## Task item
Reproduce the entire listing exactly. Leave the pictures out.

## Supplied material
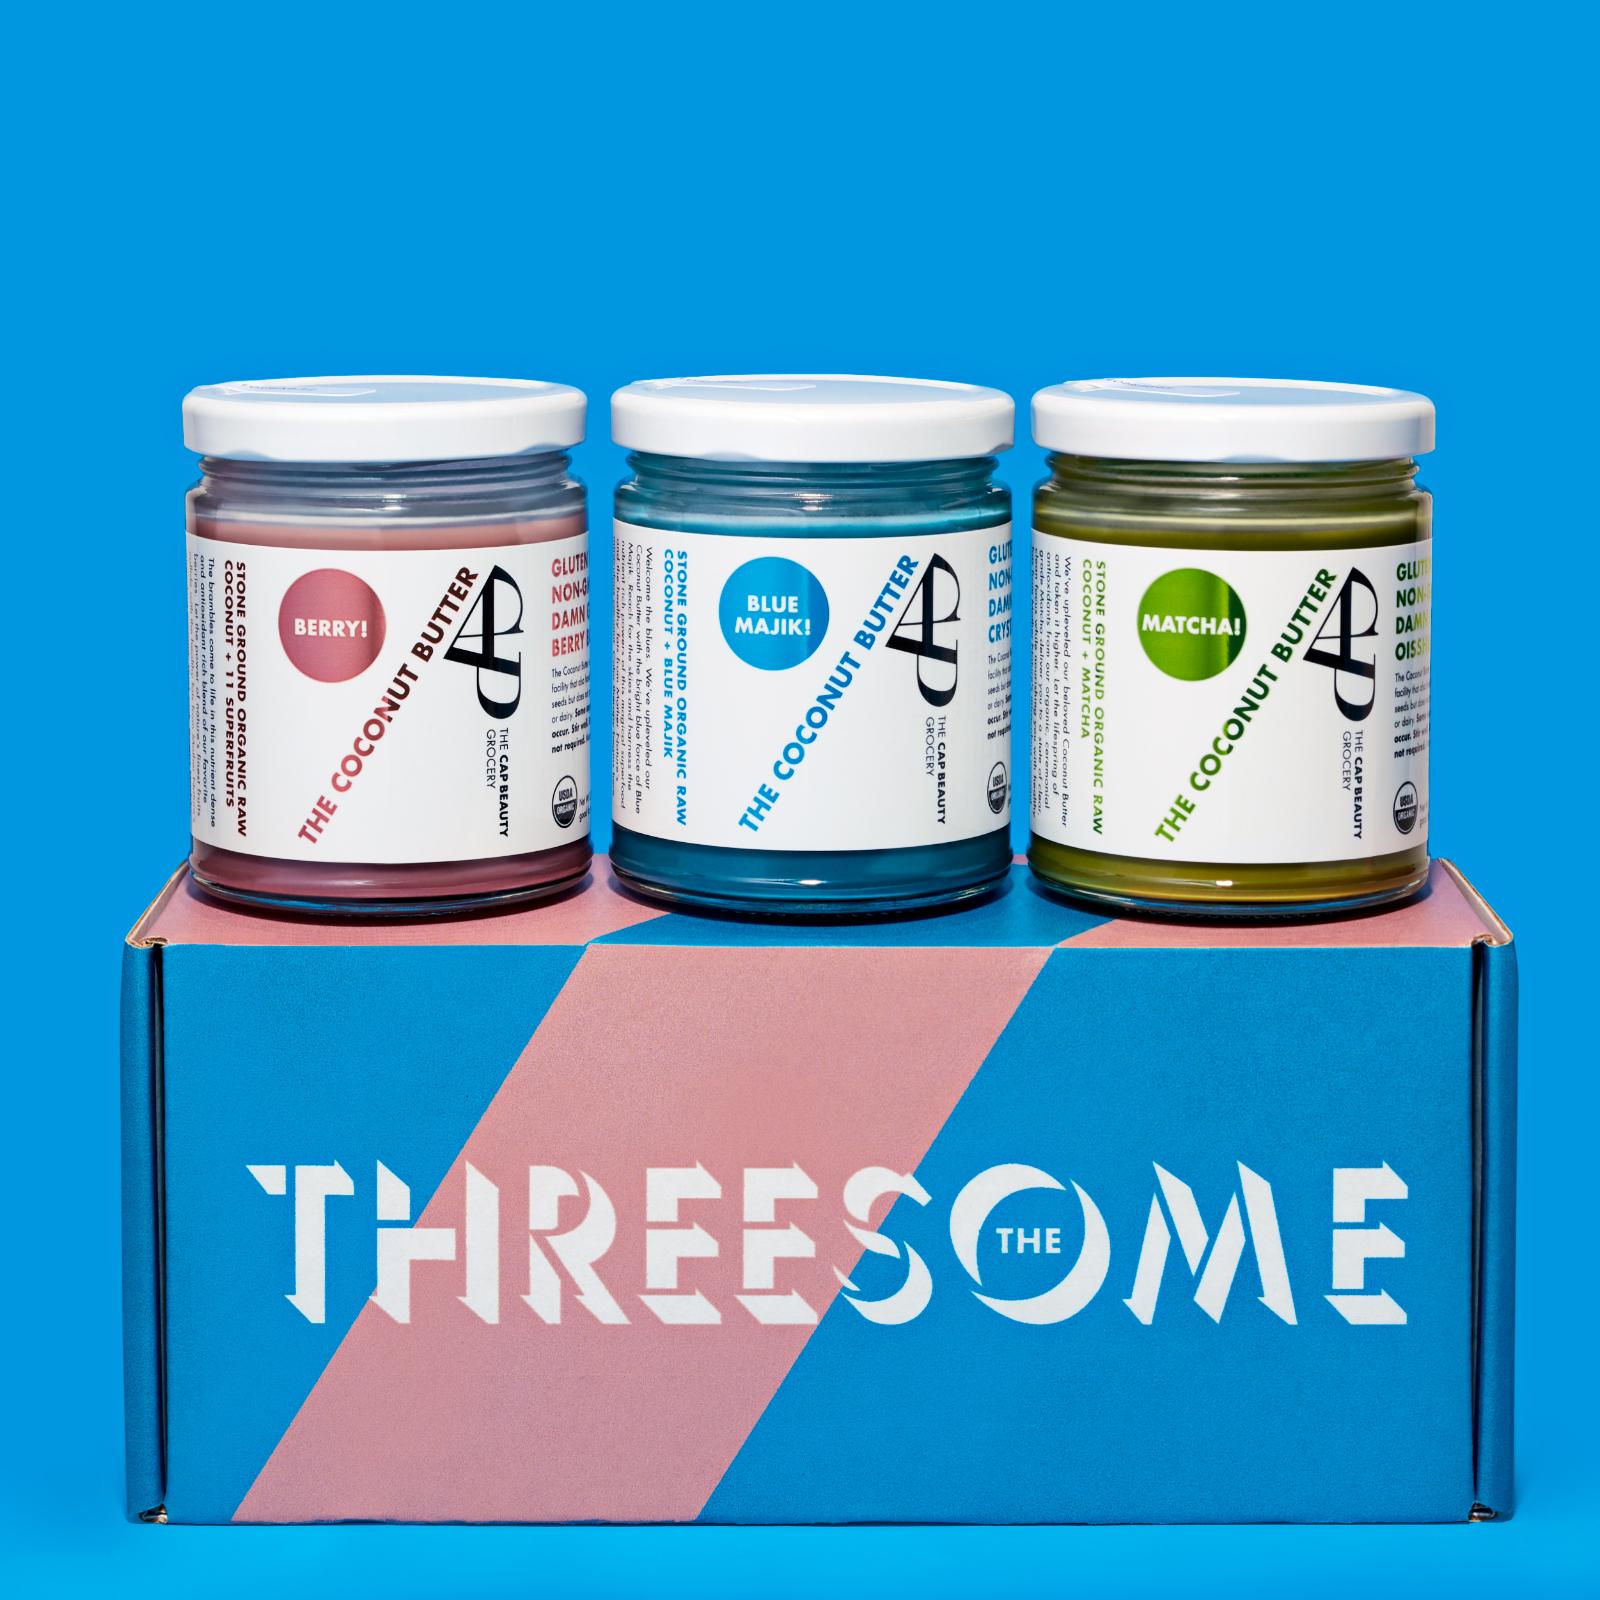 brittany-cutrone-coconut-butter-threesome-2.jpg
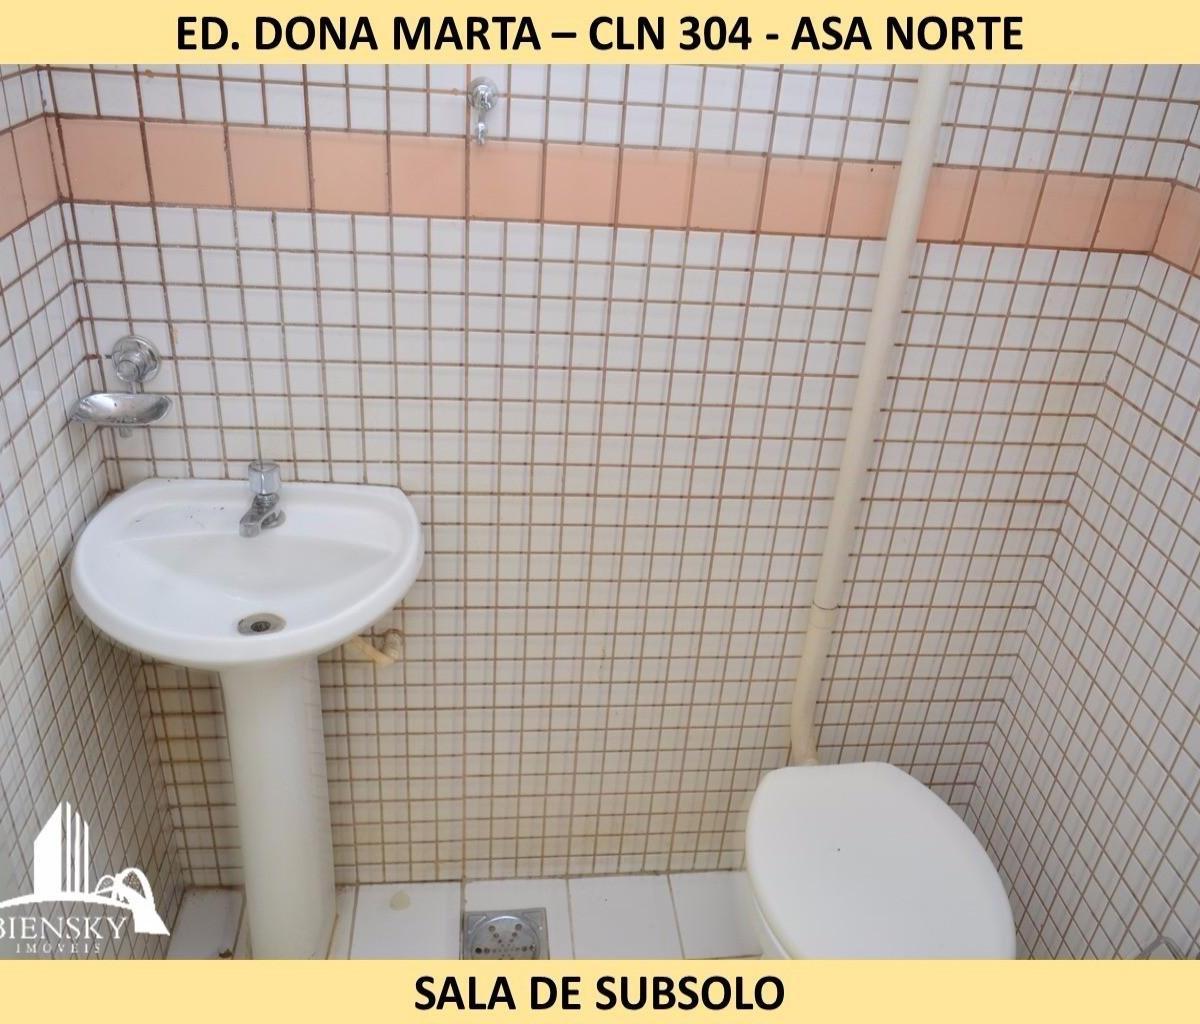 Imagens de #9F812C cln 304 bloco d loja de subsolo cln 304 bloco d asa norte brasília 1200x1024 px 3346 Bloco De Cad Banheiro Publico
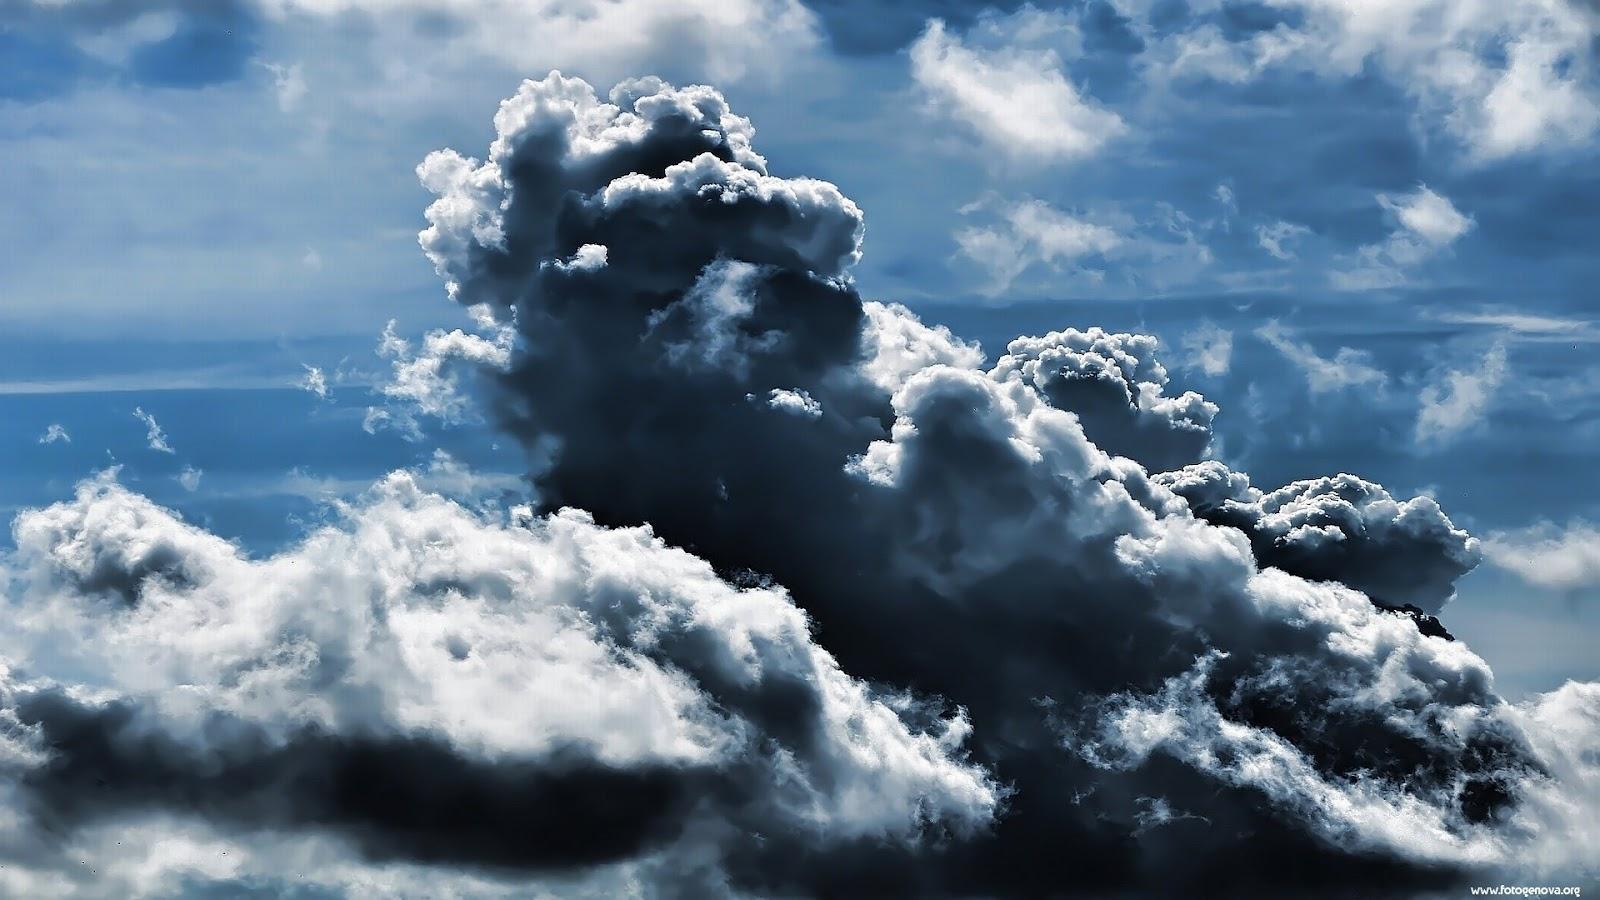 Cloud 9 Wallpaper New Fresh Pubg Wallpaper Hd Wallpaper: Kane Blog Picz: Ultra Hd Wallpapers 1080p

## Answer section
 brittany-cutrone-coconut-butter-threesome-2.jpg
 Imagens de #9F812C cln 304 bloco d loja de subsolo cln 304 bloco d asa norte brasília 1200x1024 px 3346 Bloco De Cad Banheiro Publico
 Cloud 9 Wallpaper New Fresh Pubg Wallpaper Hd Wallpaper: Kane Blog Picz: Ultra Hd Wallpapers 1080p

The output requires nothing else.